The price at $S_0=£30$, this can move up to $£40$ or down to $£25$ ($1/3$ chance to go up, $2/3$ chance to go down).

If $S_1=£40$ then it can go up again to $£55$ or down to $£35$ ($1/4$ chance to go up, $3/4$ chance to go down).

If $S_1=£25$ then it can go up to $£36$ or down again to $£20$ ($5/16$ chance to go up, $11/16$ chance to go down)

The risk-free interest rate is $r=0$

In a previous part of the question I was asked to value a European Call Option with strike price $£22$, after some calculations I found its value to be $£8.92$ (Just putting this here in case it is relevant, in this part of the question is where I worked out the probabilities in the binomial model)
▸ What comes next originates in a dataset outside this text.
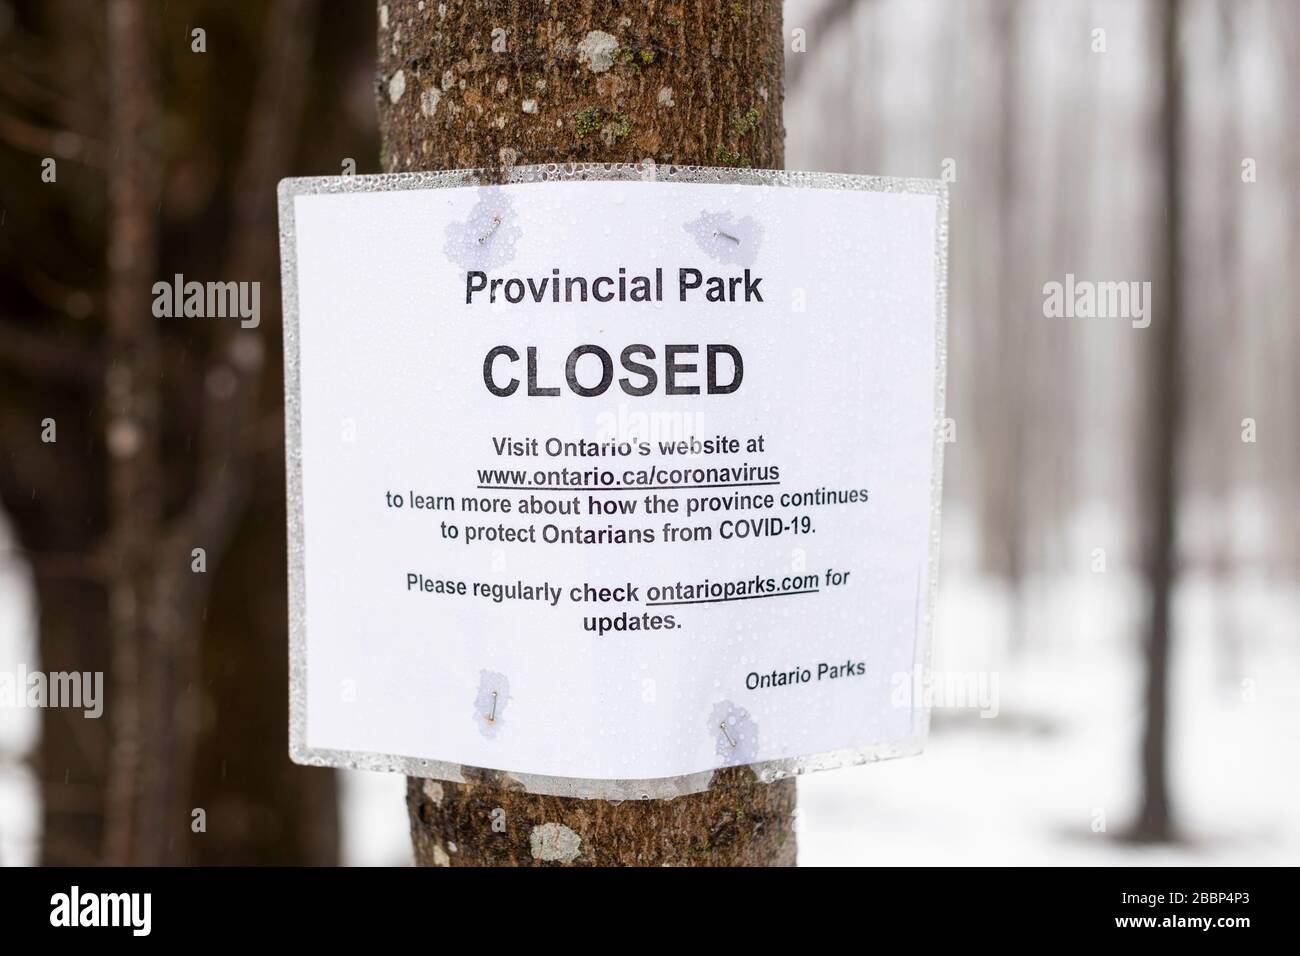 BLUE MOUNTAINS, CANADA - un panneau Parcs Ontario indiquant que le parc provincial de la rivière Pretty est fermé à cause du nouveau coronavirus / COVID-19. Banque D'Images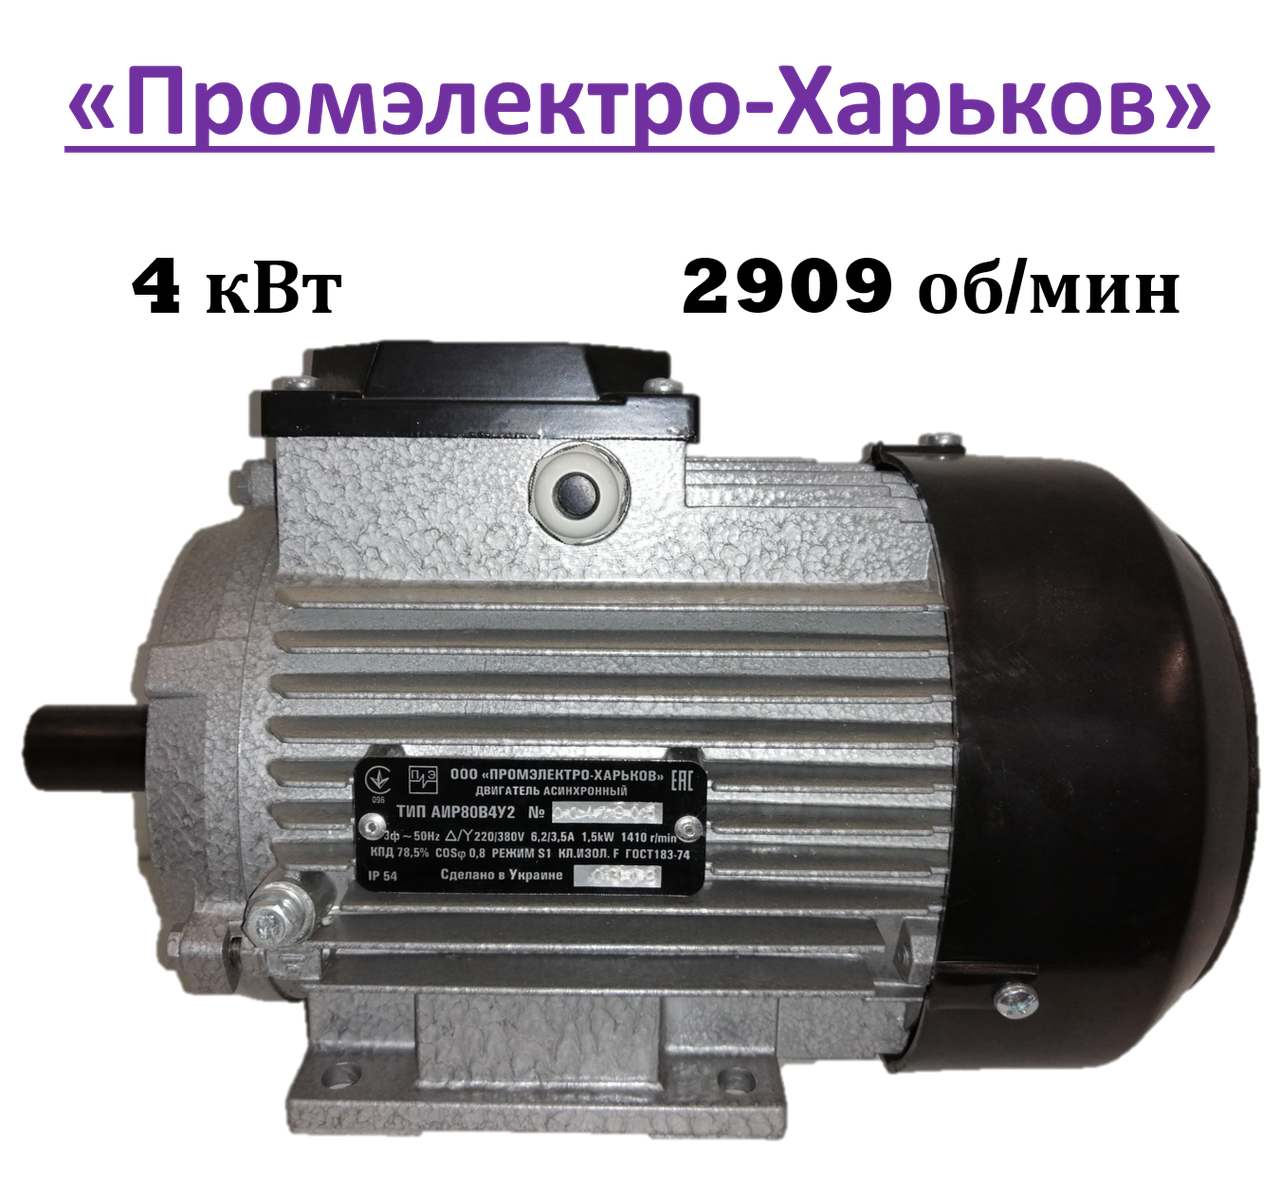 Електродвигун трифазний "Промелектро-Харків" АІР 100 S2 У2 (4 кВт, 2909 об/хв., 380 В, лапи)

In another part of the question I also had to work out the hedging strategy, which I found to be $(107/12,109/120,1,7/8)$ (Again, just putting this here in case it helps, or in case I have got this wrong)

Now I need to find the price of the European Put Option with strike price $£40$.

What I know is: $N=2, S=£30,r=0,K=£40$

The formula I have in my notes is: $P=P(S,K;N) == (K/(1+r)^N)\{ \sum_{k=0}^{k_0-1} \begin{pmatrix}N\\K\end{pmatrix} q_U^k q_D^{N-k}\}-S\{{\sum_{k=0}^{k_0-1} \begin{pmatrix}N\\K\end{pmatrix} \pi_U^k \pi_D^{N-k}}\}$

and this is where I'm stuck. Since $r=0$ are we able to use this formula still? And is this even the right formula to use to get what I'm looking for?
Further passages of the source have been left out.